Submitted to: Journal of Animal Science
Publication Type: Peer Reviewed Journal
Publication Acceptance Date: 8/8/1995
Publication Date: N/A
Interpretive Summary: In 1983, a farmer from Oklahoma noticed that offspring of a ram in his flock had excessive muscling. Since then, it has been demonstrated that a single gene is responsible for this effect. Compared to normal lambs, these lambs have superior feed efficiency and carcass composition. Since lambs begin to show the muscling characteristics sometime after birth, dystocia is not a problem in carrier sheep and, thus, provides the sheep industry with a number of advantageous traits. The mechanisms through which this condition manifests itself are not known. We conducted these experiments to: 1) further characterize the effects of this gene on muscle growth and meat quality and 2) determine the mechanism through which these effects are brought about. Our results indicate the presence of this gene increased muscle weight by 27.6% and decreased all measures of carcass fatness. The data indicate that this massive increase in muscle weight is caused by increasing muscle protein synthesis and decreasing the rate at which muscle proteins are broken down. The major problem with this gene is its negative effect on meat tenderness. Thus, to be of acceptable palatability, callipyge meat must be tenderized prior to consumption, otherwise meat toughness could preclude the use of this genetics in the sheep industry.

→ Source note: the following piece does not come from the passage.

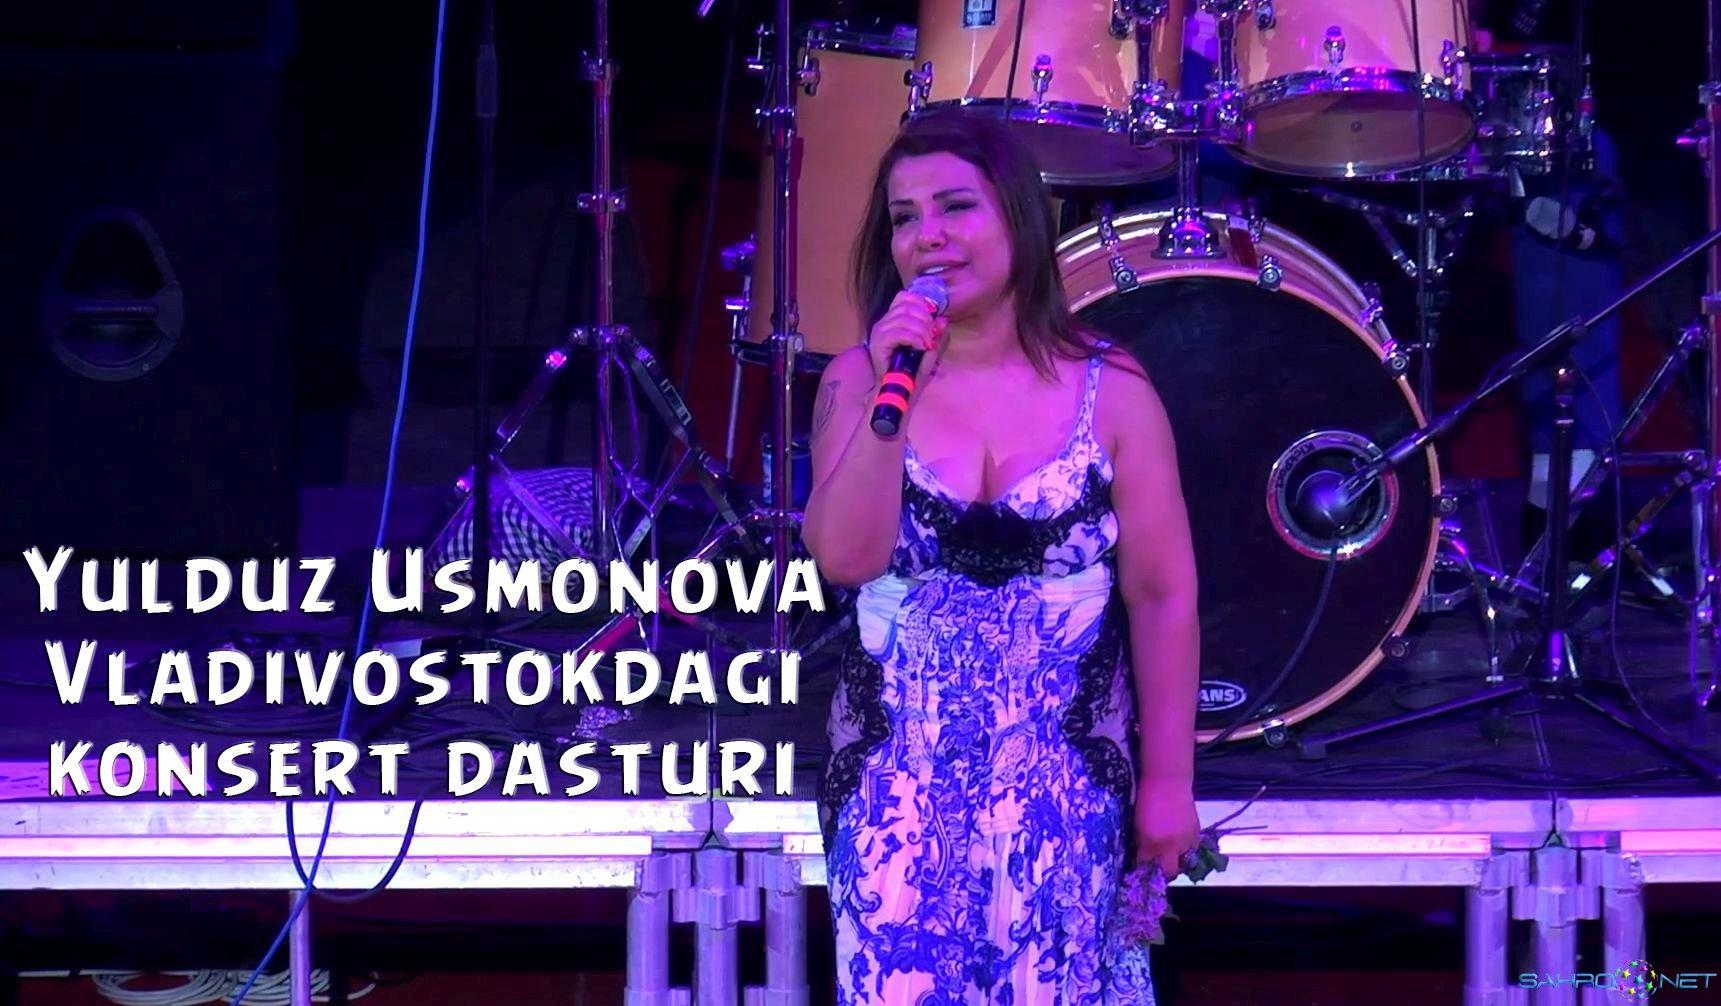 Yulduz Usmonova - Vladivostokdagi konsert dasturi 2014
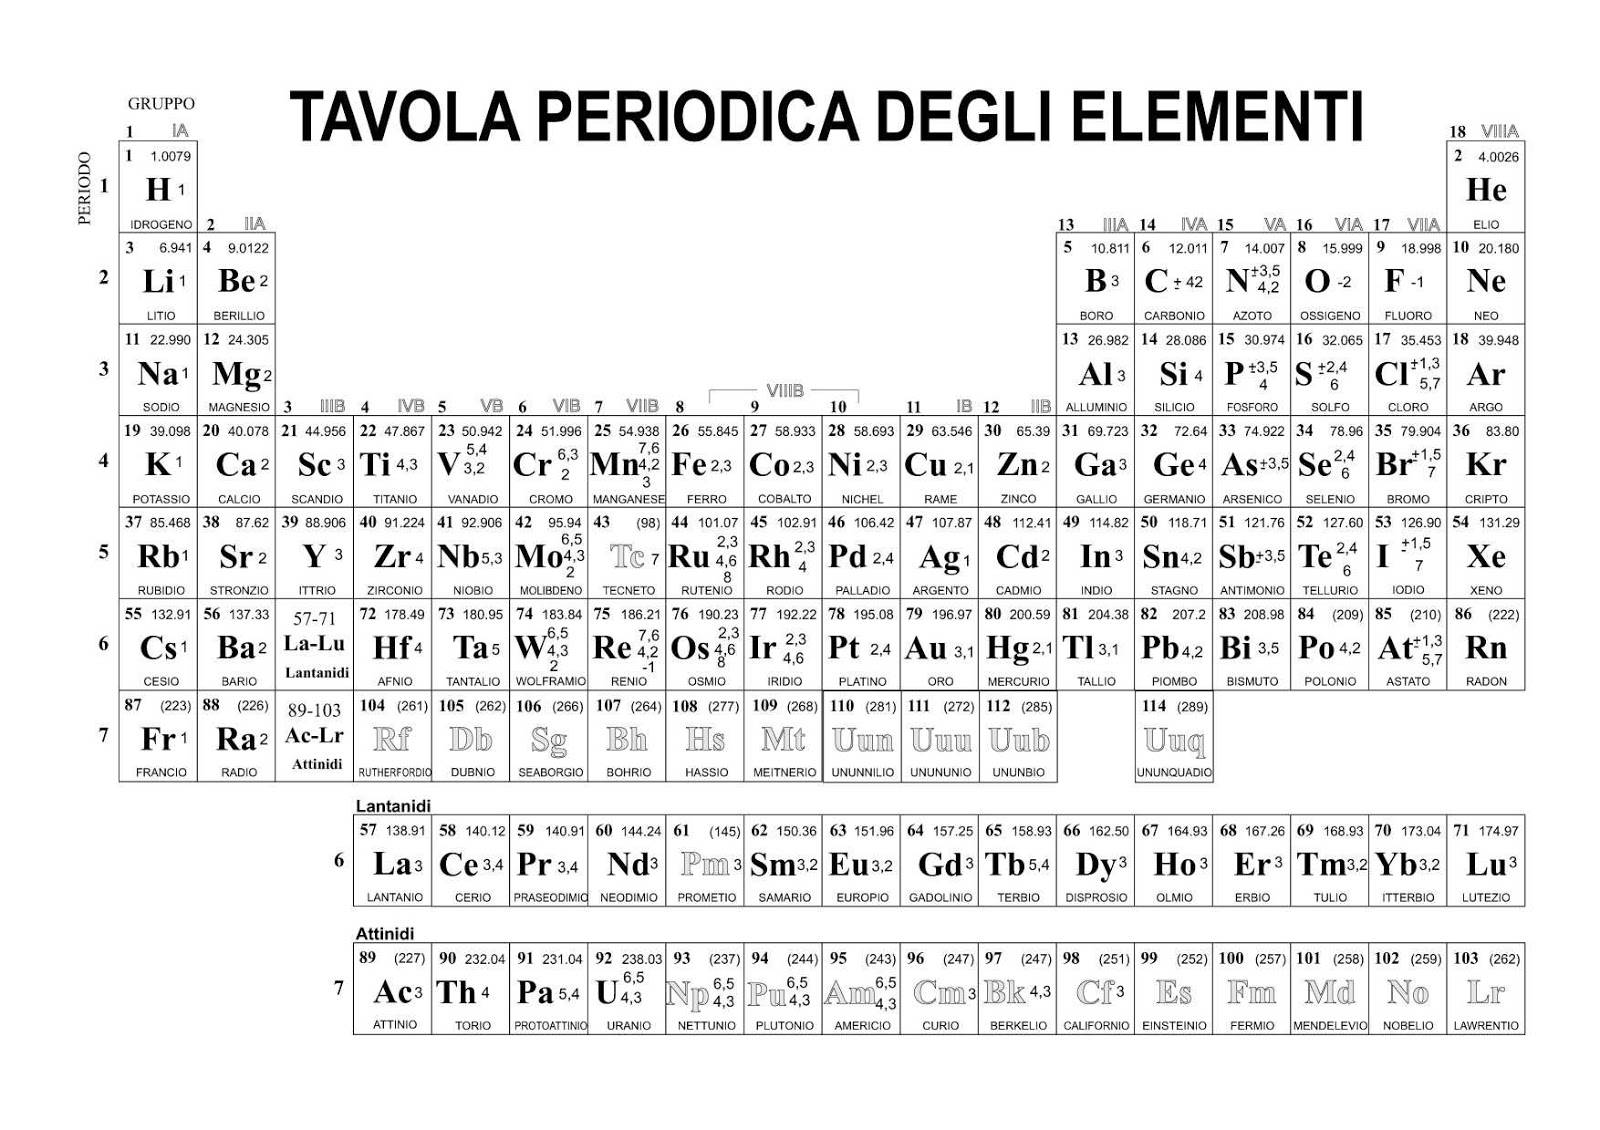 The chemistry of elements tavola periodica degli elementi - Quanti sono gli elementi della tavola periodica ...

Technical Abstract: The present experiment was conducted to determine the effect of the callipyge gene on traits affecting muscle growth and meat tenderness. Dorset wethers (n = 40) which were either carriers or non-carriers of the callipyge gene were grain fed and slaughtered at 169 d of age. Genotype did not affect slaughter weight, hot carcass weight, or weights of the heart, spleen, viscera, kidney-pelvic fat, head, and pelt; however, callipyge lambs had a higher dressing percentage and lighter lungs, liver, and kidneys. Callipyge lambs had reduced fat thickness and marbling score and increased leg scores and longissimus area (34%). Adductor (30%), biceps femoris (42%), gluteus group (31%), longissimus (32%), psoas group (20%), quadriceps femoris (18%), semimembranosus (38%), and semitendinosus (26%) weights were increased in the callipyge phenotype; however, genotype did not affect weights of infraspinatus or supraspinatus. Longissimus myofibril fragmentation index was reduced at 1 (27%), 7 (35%), and 21 (37%) d postmortem and Warner-Bratzler shear force was increased at 1, 7, and 21 d postmortem in the callipyge phenotype. Shear force values of callipyge lambs at 21 d postmortem tended to be greater than shear force values of non-carriers at 1 d postmortem. Activities of calpastatin (83%) and m-calpain (45%) were increased by callipyge; however, u-calpain activity was not affected. Longissimus and semitendinosus RNA concentration, DNA content, RNA content, protein content, and the RNA:DNA ratio were increased in the callipyge phenotype. These results suggest that both reduced rate of protein degradation and increased capacity for protein synthesis are consequences of callipyge gene.